I just finished reading Montasser al-Zayyat's The Road to Al-Qaeda: The Story of Bin Laden's Right-Hand Man.
Part biographical, part autobiographical, it's an account of Ayman al-Zawahiri's early years in the Egyptian Islamist movement as told through one of its leaders, Montasser al-Zayyat. After years in prison following the assassination of Anwar Sadat, Al-Zayyat chose a different path than Zawahiri by accepting the methodical, "quietist" approach to Islamist reform. This earned him a few choice words from Zawahiri in his 2001 memoir, Knights Under the Banner of the Prophet (available in partial, serialized translation through Dialog -- WNC, File 985). Road to Al-Qaeda is in part a response to Zawahiri's criticism.

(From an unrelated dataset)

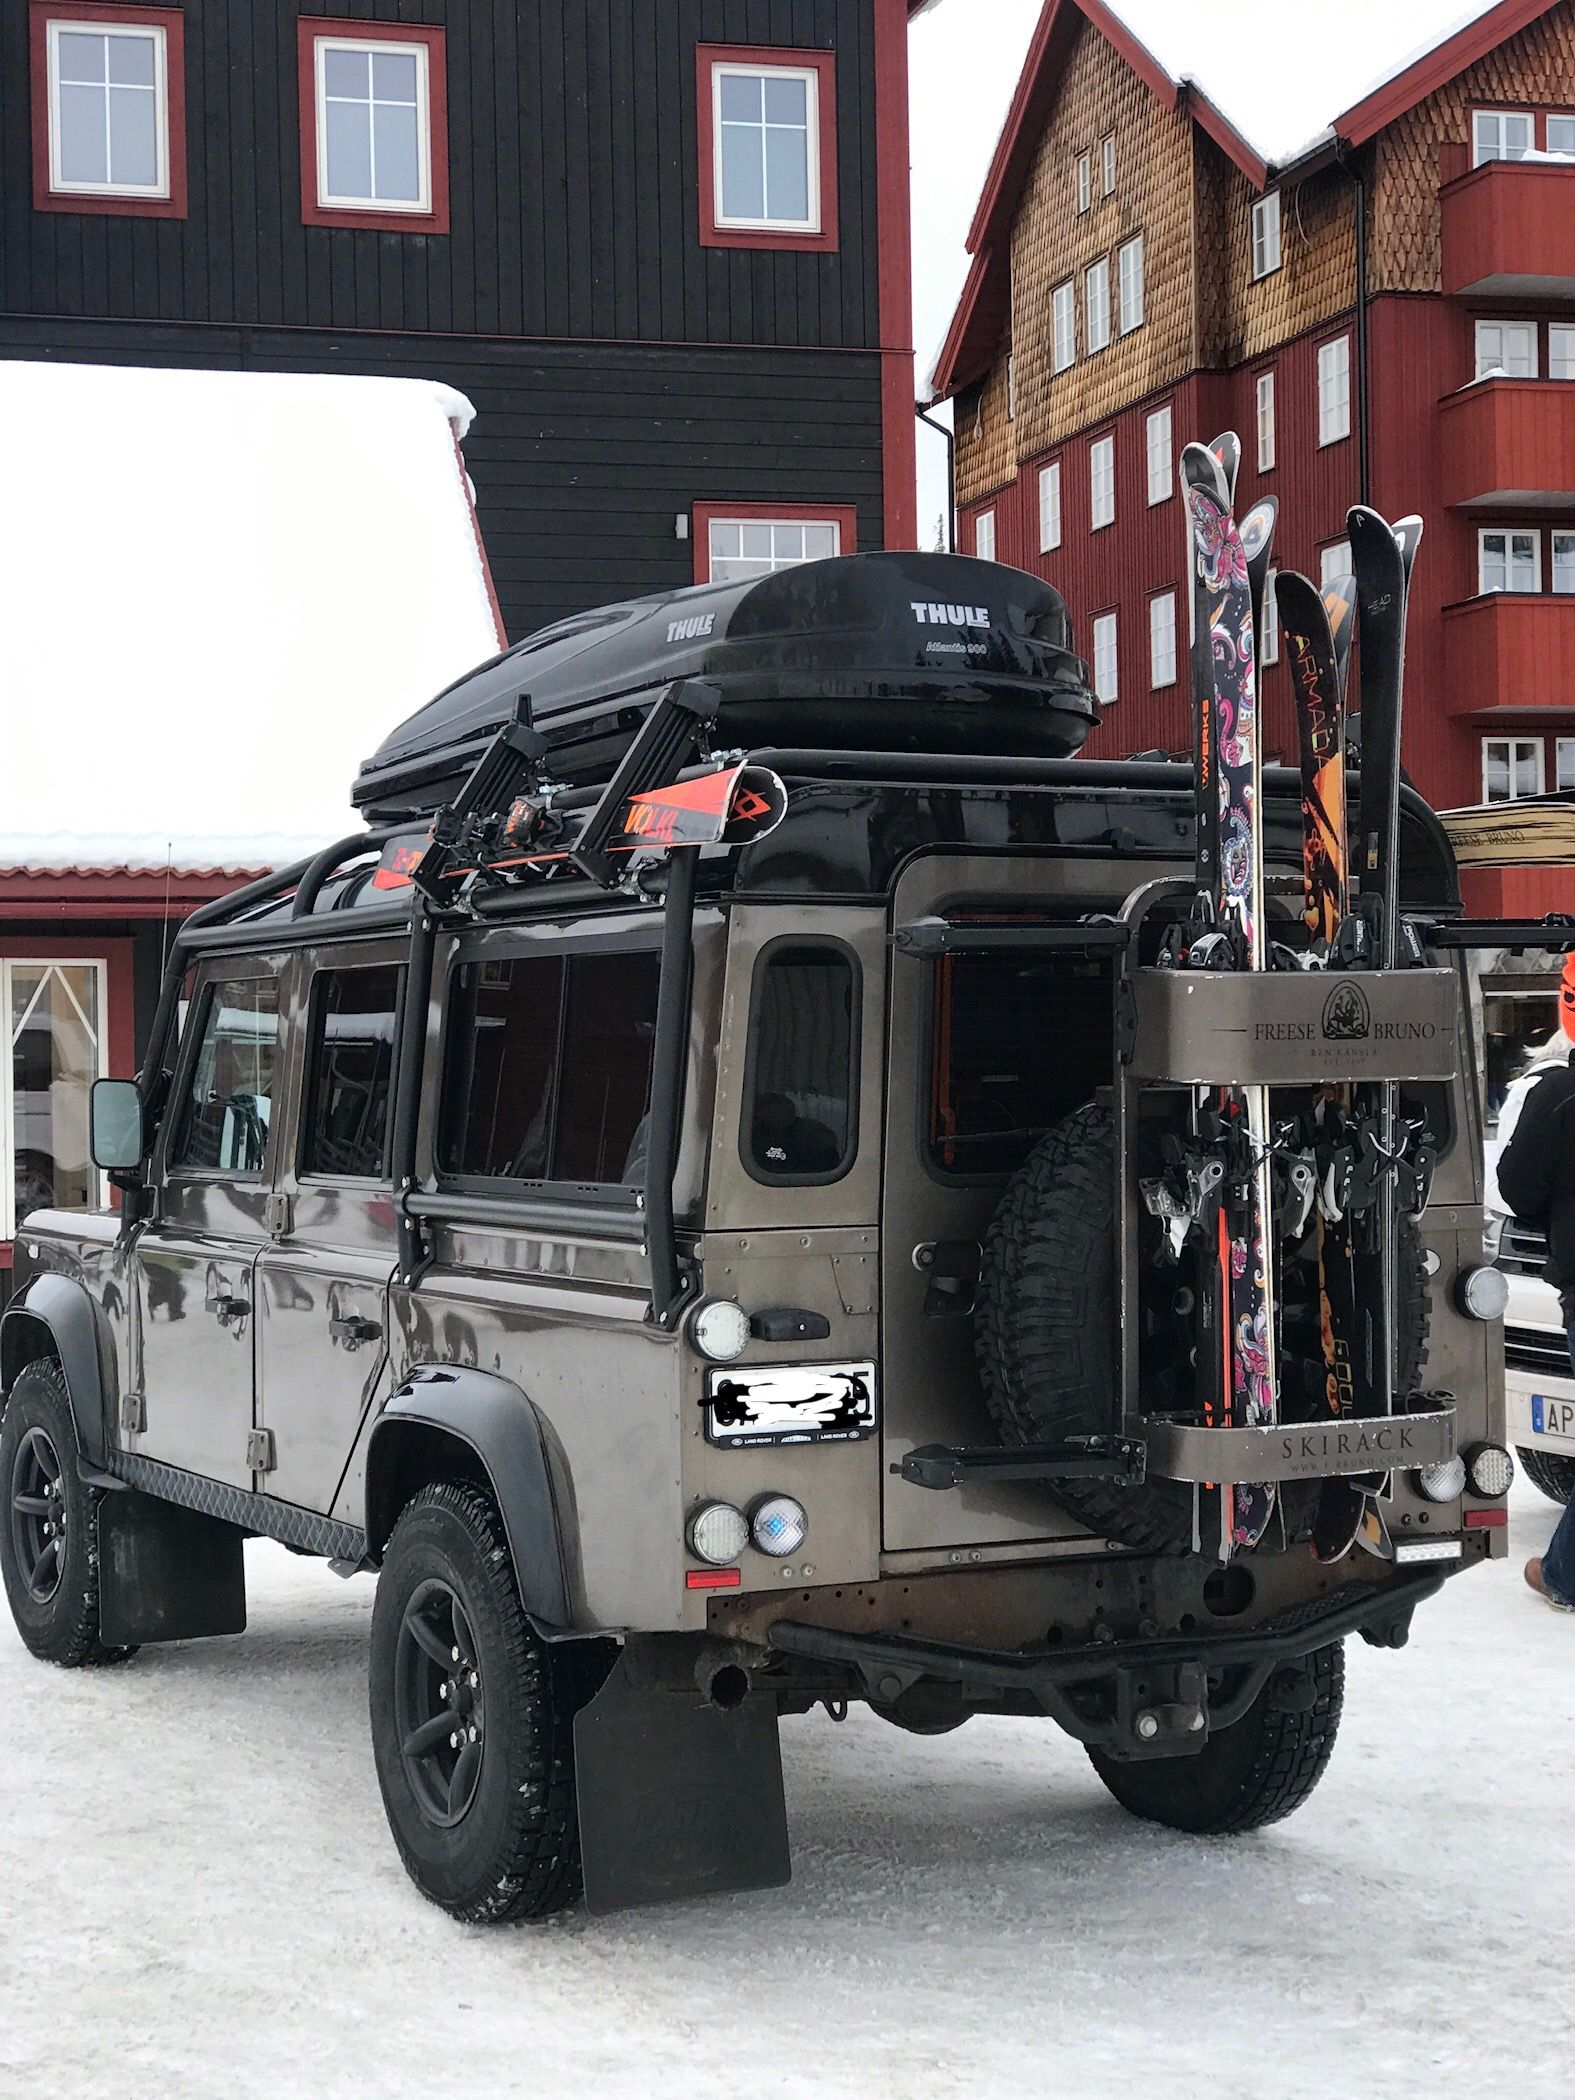 Land Rover Defender Ski Land Rover Defender Land Rover Defender Camper
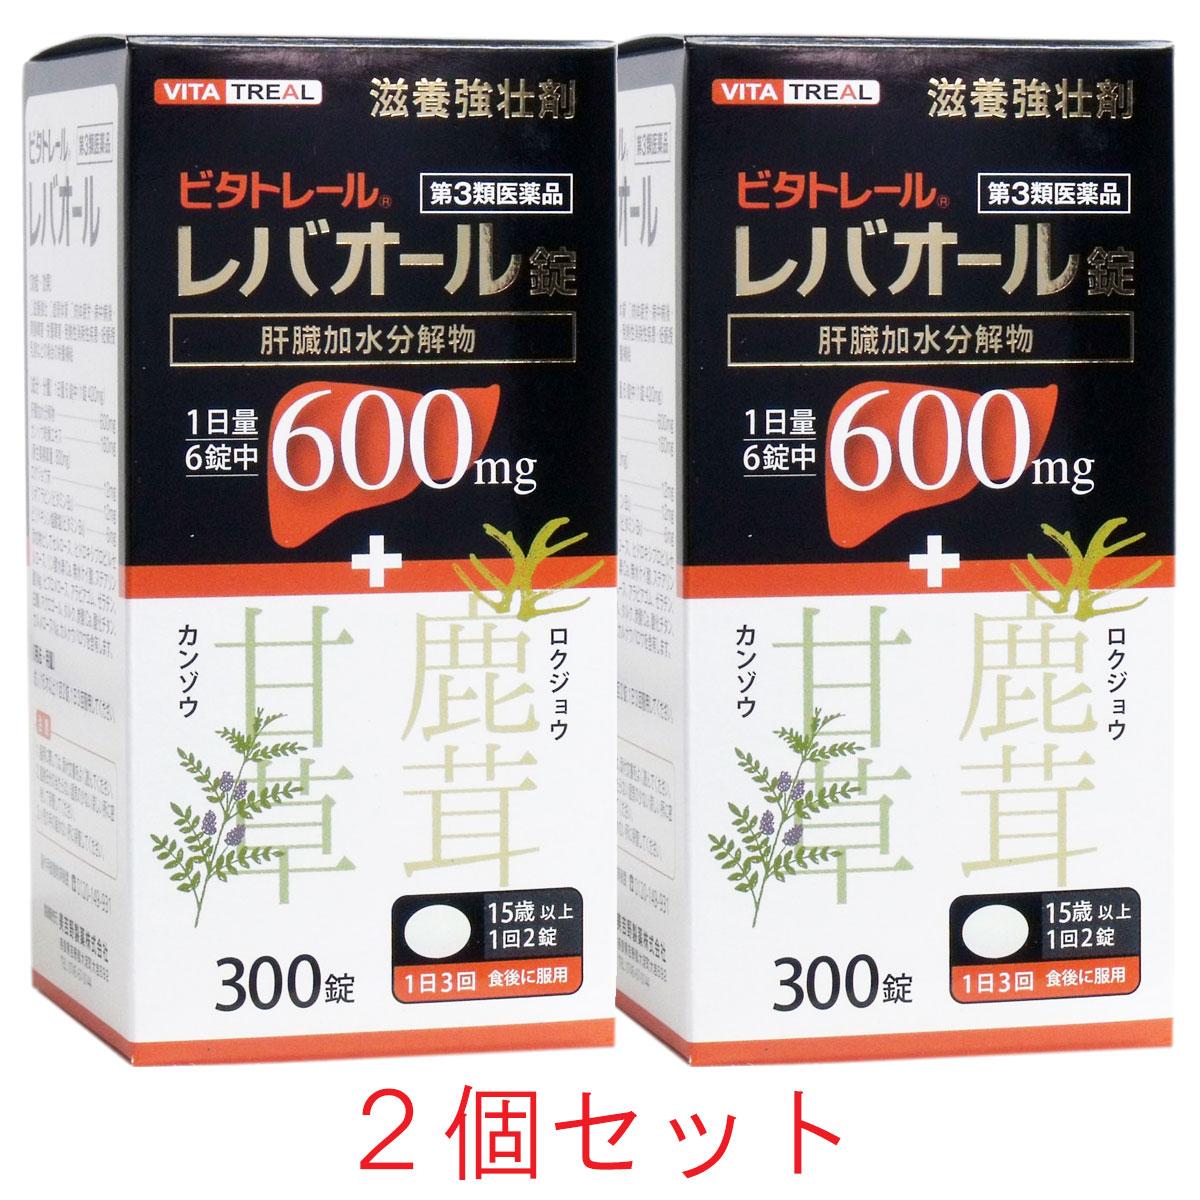 【第3類医薬品】 ビタトレール レバオール錠 300錠 2個セット

It's a slight book (137 pages including prelims and appendices), but it offers a fascinating window into contemporary Islamist thinking. Al-Zayyat shows all the insightful, articulate self-awareness common among Islamist leaders when they're talking about themselves and other things close to their hearts. He is no intellectual slouch, proving once again, that the Islamist movement has nothing to do with academic Marxist fantasies of the poor and down trodden "rising up" in the great Revolution.
You have to be prepared, however, to see the ugly side of Islamist thinking pop up here and there like an evil Jack-in-the-Box. There's the seething anti-Israel hatred, and the paranoia of particulars you come to expect from Islamists (many of whom have lived and continue to live under scrutiny of various intel and security agencies -- not without cause I might add). For example, Al-Zayyat portrays President Bush's now-infamous "crusade" line as a sign of "deeper intentions."
However, with all the rational reasoning of a man who has seen and suffered much, and has truly learned from his experiences in the "movement," al-Zayyat opens a door into the the Islamists world which is surprisingly broader and deeper than the caves along the Afghan-Pakistan border.